How long were they selling recordings?

Read this this morning and I’ve been bouncing off the walls ever since. This is the New Yorker! So wrong and so checkable.

At bottom, the boom in private gigs reflects two contrasting trends. One has to do with the music industry. For more than a century after sound was first captured on wax cylinders, in the eighteen-eighties, the money came mostly from selling recordings. But that business peaked in 1999, and, as CDs vanished, revenue sank by more than fifty per cent. It has recovered on digital subscriptions, but the new giants—Spotify, Apple, YouTube—pay artists only a fraction of what physical sales once delivered.

Evan Osnos, “How to Hire a Pop Star For Your Private Party” , The New Yorker June 5, 2023

I am once again begging people to read “How the Beatles Destroyed Rock and Roll” or at least any halfway serious blogpost about the music business. Here’s one I found just with a web search:

https://medium.com/@Vinylmint/history-of-the-record-industry-1920-1950s-6d491d7cb606

Starting the clock in the 1880s is ludicrous… For one thing the “wax method” of early recordings meant that there was no master disc! If you wanted 10 finished records you had to drag 10 horns into the studio. There was no mass production until 1900s. Recordings were an expensive novelty that generated almost zero money for working musicians.

Sheet music outsold recordings until at least mid-1910s. Records boomed in early jazz age… but declined again with advent of radio. One reason was that musicians playing live on electrical microphones sounded a lot better than phonographs. Radio networks had money and blanketed the country with affiliates. Musicians’ livelihoods were dominated by payment for live radio performances that would spur demand for live tours of the name bandleaders made famous on the radio.

If I were a hacky trend piece writer I’d call radio the original cheap disruptive streaming technology.

The Depression crushed record sales all over again: sales fell “from over 100 million units in the US in 1929 to just 6 million in 1932.”

(The musicians’ strikes of the 1940s is another interesting side journey… for at least 4 years of the 40s there were no new recordings at all.

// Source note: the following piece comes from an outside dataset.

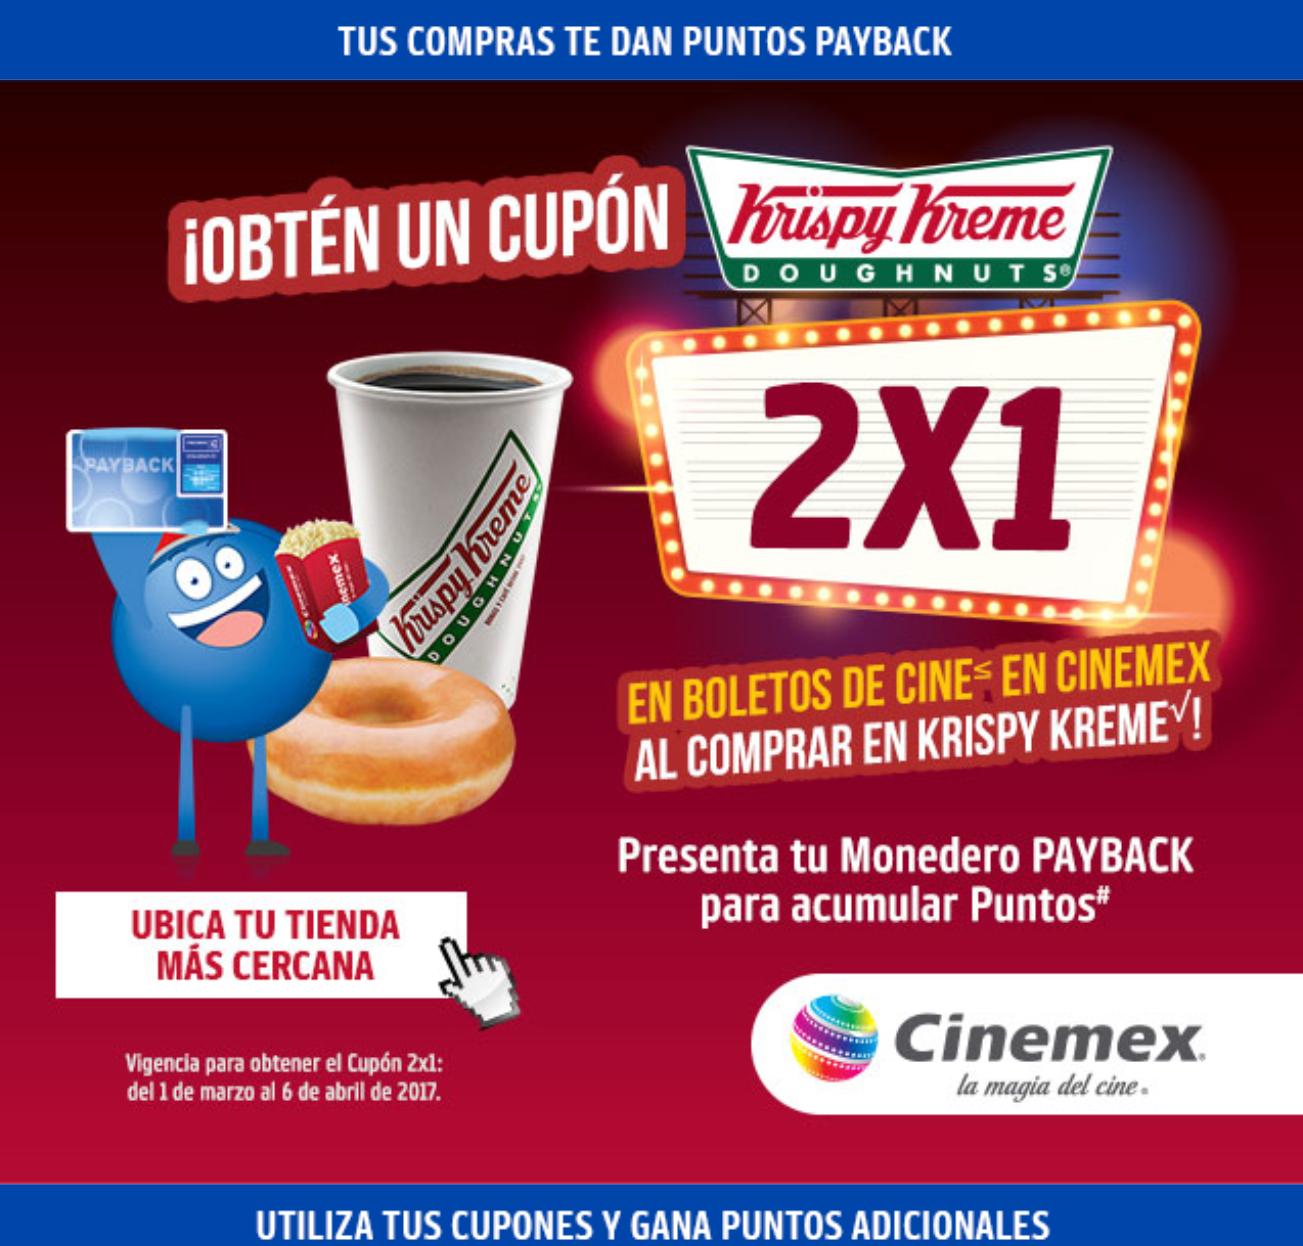 Cinemex: Cupón 2x1 al comprar en Krispy Kreme

Musicians lived solely off live.)

So many amazing little notes in “How the Beatles”… for example: “Through the early 1950s it remained standard for all the major record labels to get their own versions of any big hit and for at least two or three versions to turn up on the charts– in 1951, ‘If and ‘My Heart Cries For You’ made Billboard magazine’s pop top thirty in eight and nine versions respectively.” Thus while in aggregate recordings might be paying artists, there was cannibalization on any one artist being able to amass a fortune for a particular song, something we take for granted today.

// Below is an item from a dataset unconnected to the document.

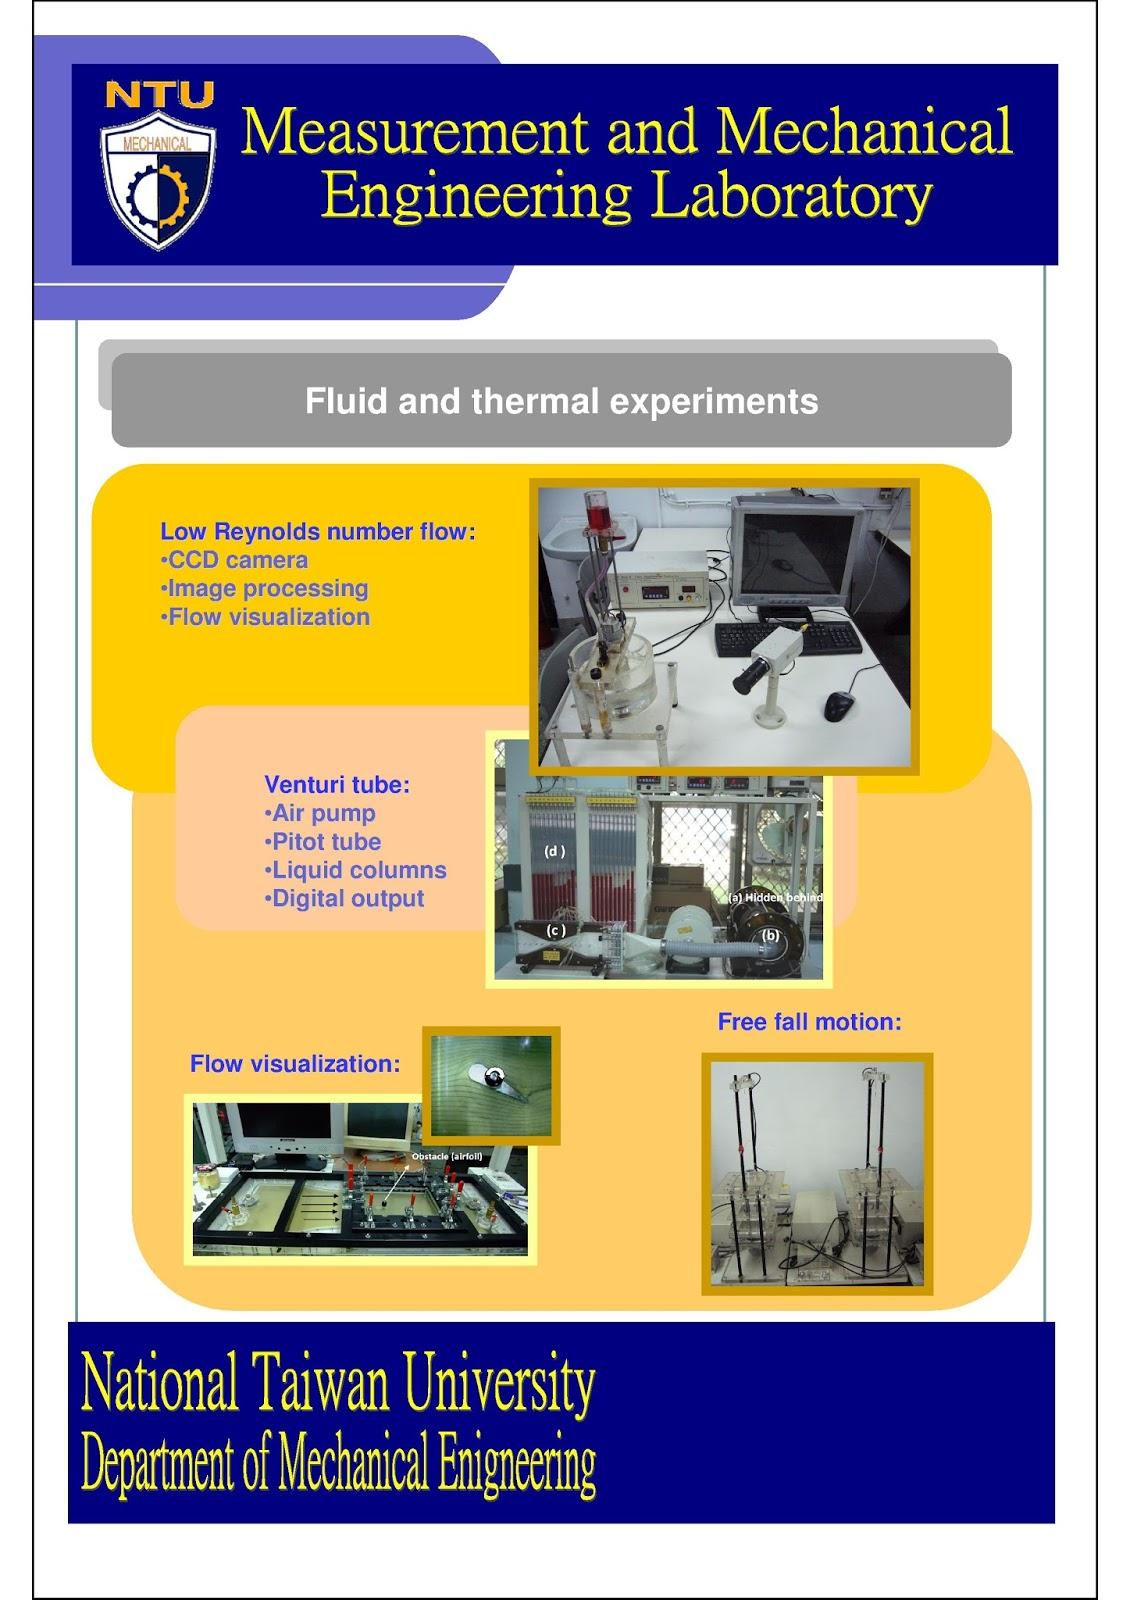 Yu-Hsiu Lee (Martin Lee): Measurement and Mechanical

In short these ideas that (1) mass revenue is associated with sales of physical recordings and (2) that should produce tightly linked tuples of {artist, song, recording, $$$} are artifacts of the Boomer half-century 1955-1999 that we have a hard time reckoning with and understanding as anything other than “given”.

Not for me to say what’s bad or good but it seems obvious that the era when 1% of GDP flowed to David Geffen and Don Henley was an outlier in the entire history of humans experiencing music. (I’m exaggerating those figures but based on this GDP source and this RIAA source I think it’s likely that at peak in 1977 recordings were capturing about .2% of US GDP.)

1977 as a high water of recording industry capture in is line with that other mega power of the culture trust : network television. My David Stern rants 1 and 2 attempt to show why we are wrong about how we retroactively perceive sports based on the very different circumstances of entertainment dollars in the 1970s.